Well…we’re one month in on the social distancing experiment. I call it an experiment because it’s becoming real clear that the even the experts aren’t quite sure what’s going on. Numbers, predictions, charts…they all change daily. What hasn’t changed is the fact that our kids really haven’t left the house or been in any contact with the outside world for a month. Sure, we see our neighbors (from a long distance) as we bike/walk through the neighborhood but that’s the extent of the socializing.
A couple things I want to remember:
We go to the grocery story once a week. That’s it. If we forget something or it’s out of stock, we’ll try and remember it the next week. The stores list what is out of stock on a board outside the store so you don’t have to waste time searching the store.
My car is on the same tank of gas since it was filled after spring break.
I had to buy yeast in bulk online because we were running out and no stores had it in stock. I can not be stuck at home and not be making bread. Our friends and neighbors are very well stocked with yeast if anyone needs any!
We are doing online school. It’s a little bit of a joke because nothing is counting towards their grade – everything is really optional. For my sanity, we’re doing school even if their teachers haven’t sent anything over. It has been a great opportunity to see what areas my kids can use enrichment. And thank heavens for Khan academy (math) – that website is saving us right now. And I always joked about common core math and now that I’m teaching my kids and I watched my third grader spend 1 minute on a math problem, grouping and adding and regrouping and adding new numbers…you better believe I taught him to carry the one and his life is forever changed. That 1 minute problem is now cut to less than 8 seconds! 🙂 I’m sure his teachers are going to love me when they go back next year!
Life has normalized in a weird way. It’s normal that we’re all together ALL THE TIME. It’s normal that no one is asking to play with friends or heading off to sports. Steve is loving this aspect of our current situation – I tell him this is exactly what summer in Idaho is. There’s a reason we love it so much. But we also love returning home and seeing friends and sports and everything else that comes with life.
I don’t think we’re alone in lamenting the fact that we have all this free time and no where to go. Yes, we would love to take the family to Zion National Park or the Grand Canyon. But they’re closed. This would be a perfect time to roadtrip to see family and friends or see the country – but that’s not an option.

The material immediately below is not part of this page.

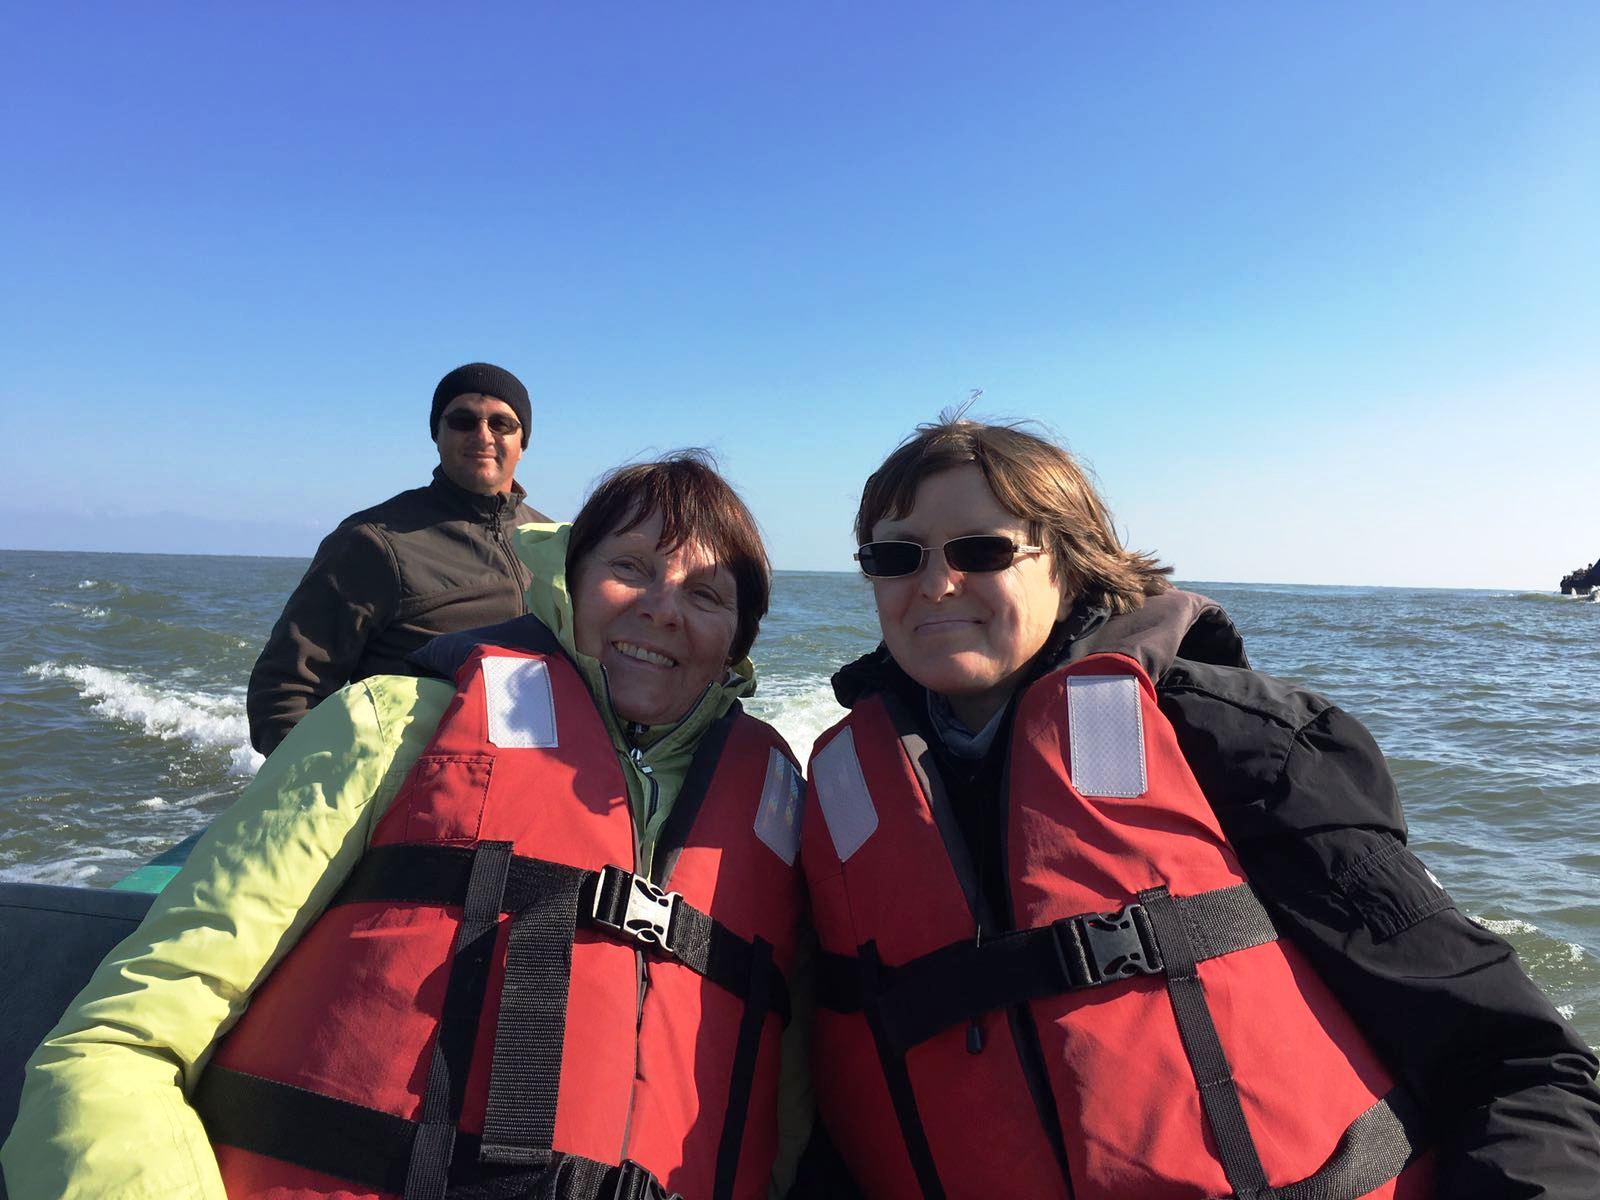 Trip Advisor Boat Tours Of Lava Big Island

My work has tapered off considerably and it’s a little weird not having a full plate of things I have to design. Of course with my new job as a school teacher its perfect timing.
There are times it’s a little lonely. Hard to imagine a house full of people and still feeling lonely, but it’s true. And knowing my friends and family members are probably sitting in their homes feeling the same way is hard. I don’t necessarily love groups and socializing but I’m recognizing the strength I draw from my inner circle. I find strength in our “village” and I really miss them.

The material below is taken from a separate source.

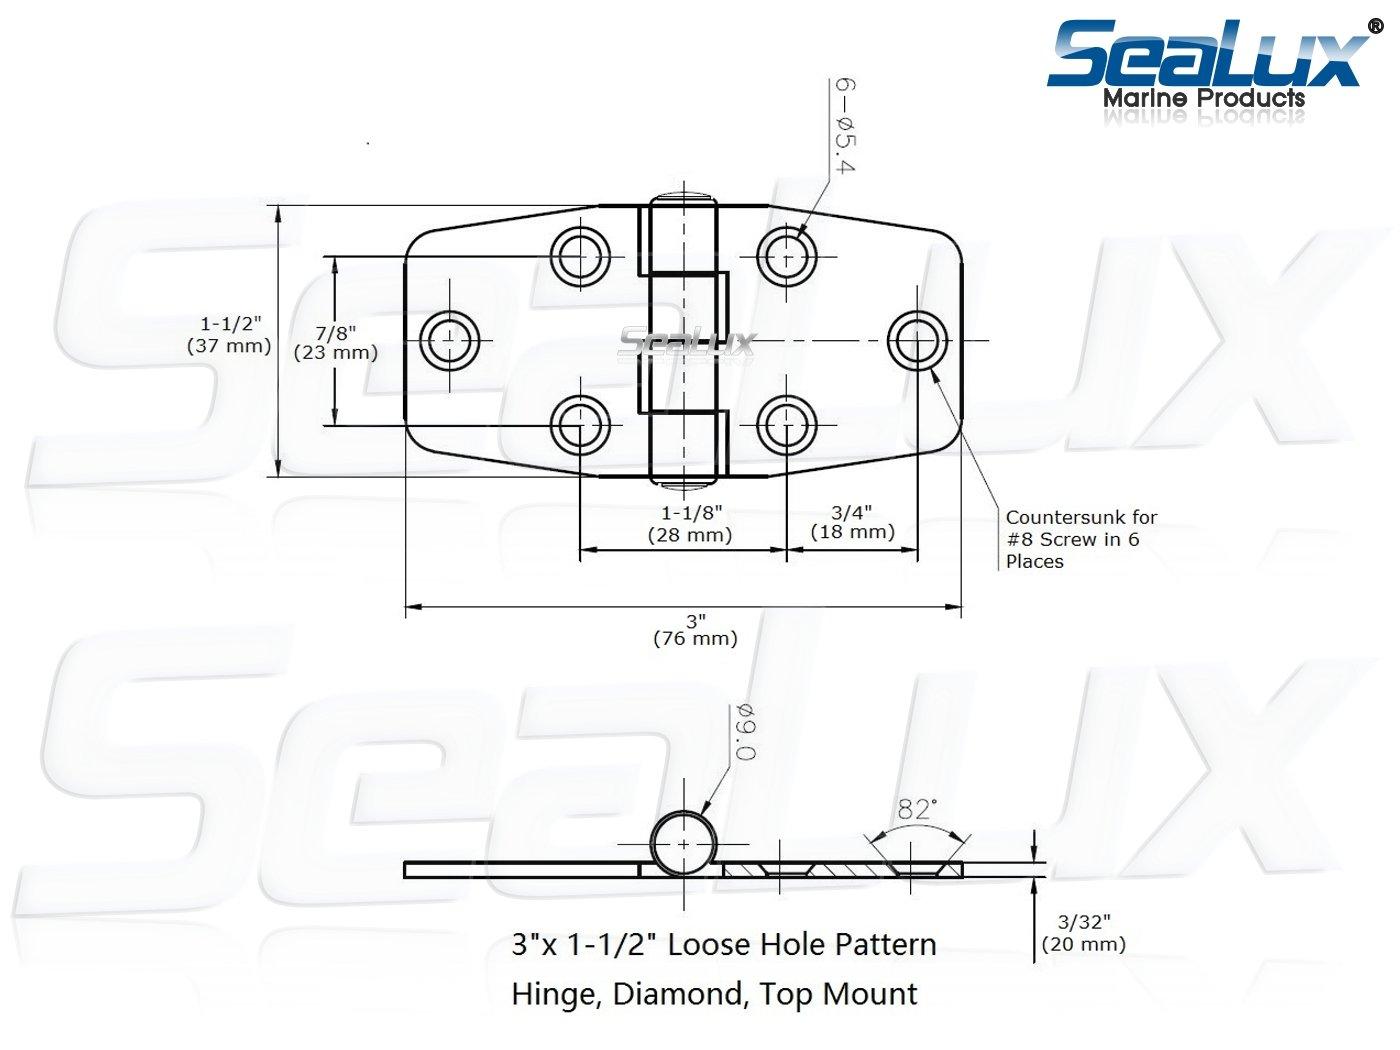 WestCo RVs SeaLux Marine Grade Stainless Steel Mirror Polished Door Hinge 3 x 1.5 for Boat Pair

The days go surprisingly fast (and yet at the same time this has been the longest month of our lives!) There is never enough hours in the day to do everything we want to do. Some days its hiking. Other days it’s been drawing videos on youtube, or cooking, or sports outside, or stop motion videos, or cleaning, or face timing friends and family. We have not been bored.
One of the largest rewards that I’m recognizing is our relationships as a family. Yes, there is still fighting. But for the amount of time we’ve spent together the fighting has been minimal. Instead they play games and jump on the tramp and make treasure hunts for each other. We’ve gone from running a hundred different directions to being home and present and it has its advantages.
And as great as some of this has been…I still ask myself every day, “How much longer can this go on?” We had our first cancellation of our summer plans and it was hard to swallow. It makes me wonder how many more things will end up on the cancellation list. When this first started, never in a million years did I think summer would be affected. And yet, I’m now hearing of our city programs that have been cancelled through the summer and so many other events/venues closed indefinitely. And we have no idea when we’ll meet for church again with our neighbors.
So many changes. So many challenges. Thinking about it makes my head hurt. We’re taking it one day at a time.